Start of Given information
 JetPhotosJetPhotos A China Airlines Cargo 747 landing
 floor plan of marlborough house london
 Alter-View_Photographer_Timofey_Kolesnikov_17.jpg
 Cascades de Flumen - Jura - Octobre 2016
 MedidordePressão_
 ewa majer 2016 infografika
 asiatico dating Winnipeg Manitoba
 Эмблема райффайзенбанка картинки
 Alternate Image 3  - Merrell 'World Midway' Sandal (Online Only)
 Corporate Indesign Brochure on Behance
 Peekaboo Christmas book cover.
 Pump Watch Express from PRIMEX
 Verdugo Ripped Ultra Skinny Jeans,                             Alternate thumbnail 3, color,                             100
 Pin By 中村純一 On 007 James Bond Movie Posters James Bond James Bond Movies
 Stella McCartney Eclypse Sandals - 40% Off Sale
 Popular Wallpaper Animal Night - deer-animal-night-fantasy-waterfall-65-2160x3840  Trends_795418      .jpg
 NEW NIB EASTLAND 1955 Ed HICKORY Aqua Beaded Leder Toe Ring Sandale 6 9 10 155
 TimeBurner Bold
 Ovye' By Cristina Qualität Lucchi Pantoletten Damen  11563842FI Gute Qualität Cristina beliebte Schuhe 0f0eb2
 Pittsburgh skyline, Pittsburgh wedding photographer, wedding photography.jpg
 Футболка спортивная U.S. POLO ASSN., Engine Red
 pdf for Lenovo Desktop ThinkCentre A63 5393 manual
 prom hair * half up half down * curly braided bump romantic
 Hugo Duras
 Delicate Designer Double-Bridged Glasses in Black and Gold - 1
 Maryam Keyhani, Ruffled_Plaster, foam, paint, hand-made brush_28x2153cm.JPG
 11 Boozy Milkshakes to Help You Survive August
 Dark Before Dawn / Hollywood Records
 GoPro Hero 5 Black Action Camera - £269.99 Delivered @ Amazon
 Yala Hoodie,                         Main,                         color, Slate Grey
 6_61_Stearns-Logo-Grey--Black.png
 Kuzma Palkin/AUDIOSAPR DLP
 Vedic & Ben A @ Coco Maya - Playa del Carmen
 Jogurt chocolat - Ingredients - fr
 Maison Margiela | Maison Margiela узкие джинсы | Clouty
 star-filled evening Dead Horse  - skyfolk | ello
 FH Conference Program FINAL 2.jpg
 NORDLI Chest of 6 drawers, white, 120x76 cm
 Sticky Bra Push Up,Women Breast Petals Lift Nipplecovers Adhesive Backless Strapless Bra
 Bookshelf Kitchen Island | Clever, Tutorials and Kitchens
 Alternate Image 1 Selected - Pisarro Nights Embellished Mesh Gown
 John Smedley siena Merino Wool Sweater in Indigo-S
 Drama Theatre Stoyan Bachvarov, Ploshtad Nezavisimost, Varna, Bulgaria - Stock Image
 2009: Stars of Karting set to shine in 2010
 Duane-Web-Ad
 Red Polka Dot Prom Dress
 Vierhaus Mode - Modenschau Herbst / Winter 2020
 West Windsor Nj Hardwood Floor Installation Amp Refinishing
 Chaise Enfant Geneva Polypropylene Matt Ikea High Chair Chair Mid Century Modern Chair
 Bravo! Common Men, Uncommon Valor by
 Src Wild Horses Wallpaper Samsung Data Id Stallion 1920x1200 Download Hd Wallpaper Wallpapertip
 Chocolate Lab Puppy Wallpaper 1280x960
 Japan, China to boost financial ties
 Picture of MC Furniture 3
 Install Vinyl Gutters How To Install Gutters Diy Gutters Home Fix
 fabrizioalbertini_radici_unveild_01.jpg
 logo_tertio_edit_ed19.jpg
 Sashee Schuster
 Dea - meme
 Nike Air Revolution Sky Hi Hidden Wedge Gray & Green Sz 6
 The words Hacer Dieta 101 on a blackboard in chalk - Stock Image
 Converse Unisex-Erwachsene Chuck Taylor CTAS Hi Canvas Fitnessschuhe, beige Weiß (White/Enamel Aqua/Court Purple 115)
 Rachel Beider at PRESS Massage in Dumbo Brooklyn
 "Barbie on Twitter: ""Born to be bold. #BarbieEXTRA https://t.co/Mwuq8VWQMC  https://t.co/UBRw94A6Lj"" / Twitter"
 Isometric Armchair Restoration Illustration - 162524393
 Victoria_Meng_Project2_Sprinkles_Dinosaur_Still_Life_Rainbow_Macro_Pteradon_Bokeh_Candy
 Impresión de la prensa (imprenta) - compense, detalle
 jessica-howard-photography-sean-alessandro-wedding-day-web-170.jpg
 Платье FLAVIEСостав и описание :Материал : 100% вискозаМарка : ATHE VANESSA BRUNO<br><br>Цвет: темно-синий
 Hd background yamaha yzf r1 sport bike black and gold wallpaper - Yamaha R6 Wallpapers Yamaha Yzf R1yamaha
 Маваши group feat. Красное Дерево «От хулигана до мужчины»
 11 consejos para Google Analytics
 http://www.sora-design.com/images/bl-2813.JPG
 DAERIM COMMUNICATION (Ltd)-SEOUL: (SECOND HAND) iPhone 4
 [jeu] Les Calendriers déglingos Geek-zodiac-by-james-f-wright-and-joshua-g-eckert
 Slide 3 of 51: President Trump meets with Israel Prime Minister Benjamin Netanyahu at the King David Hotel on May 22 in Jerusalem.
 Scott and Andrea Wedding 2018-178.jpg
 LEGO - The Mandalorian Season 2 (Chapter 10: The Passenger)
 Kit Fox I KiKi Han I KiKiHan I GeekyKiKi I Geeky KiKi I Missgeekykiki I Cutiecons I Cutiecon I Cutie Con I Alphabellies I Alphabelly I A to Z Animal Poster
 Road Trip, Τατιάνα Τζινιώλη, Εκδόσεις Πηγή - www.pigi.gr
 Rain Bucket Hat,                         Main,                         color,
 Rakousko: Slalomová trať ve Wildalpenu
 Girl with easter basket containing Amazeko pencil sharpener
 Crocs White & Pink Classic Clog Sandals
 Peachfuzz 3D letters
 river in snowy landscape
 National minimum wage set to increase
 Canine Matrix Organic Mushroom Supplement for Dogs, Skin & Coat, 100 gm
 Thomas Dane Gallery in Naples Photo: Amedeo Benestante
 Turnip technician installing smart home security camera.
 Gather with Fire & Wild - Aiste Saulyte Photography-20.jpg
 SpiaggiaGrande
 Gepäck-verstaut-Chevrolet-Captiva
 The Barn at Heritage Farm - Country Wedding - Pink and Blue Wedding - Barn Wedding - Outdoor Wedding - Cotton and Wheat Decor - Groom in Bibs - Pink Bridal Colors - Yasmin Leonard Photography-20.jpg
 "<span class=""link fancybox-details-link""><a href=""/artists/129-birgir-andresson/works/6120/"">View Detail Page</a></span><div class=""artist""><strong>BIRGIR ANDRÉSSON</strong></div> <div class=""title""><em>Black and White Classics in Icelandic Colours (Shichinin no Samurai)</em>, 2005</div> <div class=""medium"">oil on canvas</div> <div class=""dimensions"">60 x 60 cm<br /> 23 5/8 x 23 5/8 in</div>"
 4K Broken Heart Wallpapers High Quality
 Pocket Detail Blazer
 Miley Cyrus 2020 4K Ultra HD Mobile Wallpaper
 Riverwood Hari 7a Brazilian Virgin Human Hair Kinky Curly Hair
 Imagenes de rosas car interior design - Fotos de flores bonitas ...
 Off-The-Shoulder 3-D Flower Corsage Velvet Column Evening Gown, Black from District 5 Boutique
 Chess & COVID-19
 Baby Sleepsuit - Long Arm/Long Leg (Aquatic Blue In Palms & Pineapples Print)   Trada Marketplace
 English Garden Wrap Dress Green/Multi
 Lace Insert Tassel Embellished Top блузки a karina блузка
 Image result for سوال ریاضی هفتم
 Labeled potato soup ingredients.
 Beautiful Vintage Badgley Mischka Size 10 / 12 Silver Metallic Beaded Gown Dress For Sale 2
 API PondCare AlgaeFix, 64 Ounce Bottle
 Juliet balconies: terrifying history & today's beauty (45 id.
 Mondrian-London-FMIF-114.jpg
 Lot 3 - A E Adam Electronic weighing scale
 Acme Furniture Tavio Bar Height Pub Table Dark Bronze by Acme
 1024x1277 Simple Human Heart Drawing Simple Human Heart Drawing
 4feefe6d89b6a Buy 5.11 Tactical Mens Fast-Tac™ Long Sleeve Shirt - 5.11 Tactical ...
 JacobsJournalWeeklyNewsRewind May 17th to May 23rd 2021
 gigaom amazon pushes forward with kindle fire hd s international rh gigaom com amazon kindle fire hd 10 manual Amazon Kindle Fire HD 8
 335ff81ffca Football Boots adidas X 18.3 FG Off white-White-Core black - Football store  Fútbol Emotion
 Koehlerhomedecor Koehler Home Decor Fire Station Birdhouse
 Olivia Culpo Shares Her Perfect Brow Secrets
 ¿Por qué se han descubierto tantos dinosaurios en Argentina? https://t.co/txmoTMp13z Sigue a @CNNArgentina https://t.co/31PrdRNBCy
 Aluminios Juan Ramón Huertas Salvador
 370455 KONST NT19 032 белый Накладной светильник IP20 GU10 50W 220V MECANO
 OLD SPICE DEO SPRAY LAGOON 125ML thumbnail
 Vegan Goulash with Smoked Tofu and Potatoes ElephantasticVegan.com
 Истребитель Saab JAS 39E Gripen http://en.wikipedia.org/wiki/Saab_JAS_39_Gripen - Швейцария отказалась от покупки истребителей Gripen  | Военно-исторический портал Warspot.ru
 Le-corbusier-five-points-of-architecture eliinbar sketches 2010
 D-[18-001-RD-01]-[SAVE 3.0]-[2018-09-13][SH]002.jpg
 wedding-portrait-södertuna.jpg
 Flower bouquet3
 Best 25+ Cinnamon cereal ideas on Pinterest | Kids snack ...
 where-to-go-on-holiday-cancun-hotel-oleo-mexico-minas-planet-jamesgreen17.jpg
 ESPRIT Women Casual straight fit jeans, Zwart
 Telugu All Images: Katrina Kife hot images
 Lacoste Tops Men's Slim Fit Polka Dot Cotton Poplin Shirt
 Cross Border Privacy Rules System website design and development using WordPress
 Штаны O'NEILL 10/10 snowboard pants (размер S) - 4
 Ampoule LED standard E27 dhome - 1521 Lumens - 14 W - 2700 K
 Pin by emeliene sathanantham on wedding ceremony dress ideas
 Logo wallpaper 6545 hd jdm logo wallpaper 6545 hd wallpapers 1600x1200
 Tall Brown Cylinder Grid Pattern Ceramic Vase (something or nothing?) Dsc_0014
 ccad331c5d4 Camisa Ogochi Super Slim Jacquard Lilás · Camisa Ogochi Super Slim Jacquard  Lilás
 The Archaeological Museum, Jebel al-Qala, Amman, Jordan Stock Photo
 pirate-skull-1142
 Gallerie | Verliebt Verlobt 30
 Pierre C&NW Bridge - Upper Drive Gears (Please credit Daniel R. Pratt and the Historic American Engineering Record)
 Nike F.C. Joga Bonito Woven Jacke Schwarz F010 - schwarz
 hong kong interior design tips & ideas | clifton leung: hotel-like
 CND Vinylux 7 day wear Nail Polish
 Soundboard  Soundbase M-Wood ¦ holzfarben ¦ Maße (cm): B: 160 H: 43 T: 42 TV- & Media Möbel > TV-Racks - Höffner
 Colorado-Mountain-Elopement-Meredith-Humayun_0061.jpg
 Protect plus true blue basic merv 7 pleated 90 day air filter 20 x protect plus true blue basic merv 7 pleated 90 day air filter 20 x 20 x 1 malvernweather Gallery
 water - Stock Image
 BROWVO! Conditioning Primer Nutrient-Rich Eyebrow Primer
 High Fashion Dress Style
End of Given information
● **Your objective**:
The lines above, starting at the one with "to be bold." and ending at the one with "[jeu] Les Calendriers", are the only ones to return, exactly as written.

● **Answer below**:
 "Barbie on Twitter: ""Born to be bold. #BarbieEXTRA https://t.co/Mwuq8VWQMC  https://t.co/UBRw94A6Lj"" / Twitter"
 Isometric Armchair Restoration Illustration - 162524393
 Victoria_Meng_Project2_Sprinkles_Dinosaur_Still_Life_Rainbow_Macro_Pteradon_Bokeh_Candy
 Impresión de la prensa (imprenta) - compense, detalle
 jessica-howard-photography-sean-alessandro-wedding-day-web-170.jpg
 Платье FLAVIEСостав и описание :Материал : 100% вискозаМарка : ATHE VANESSA BRUNO<br><br>Цвет: темно-синий
 Hd background yamaha yzf r1 sport bike black and gold wallpaper - Yamaha R6 Wallpapers Yamaha Yzf R1yamaha
 Маваши group feat. Красное Дерево «От хулигана до мужчины»
 11 consejos para Google Analytics
 http://www.sora-design.com/images/bl-2813.JPG
 DAERIM COMMUNICATION (Ltd)-SEOUL: (SECOND HAND) iPhone 4
 [jeu] Les Calendriers déglingos Geek-zodiac-by-james-f-wright-and-joshua-g-eckert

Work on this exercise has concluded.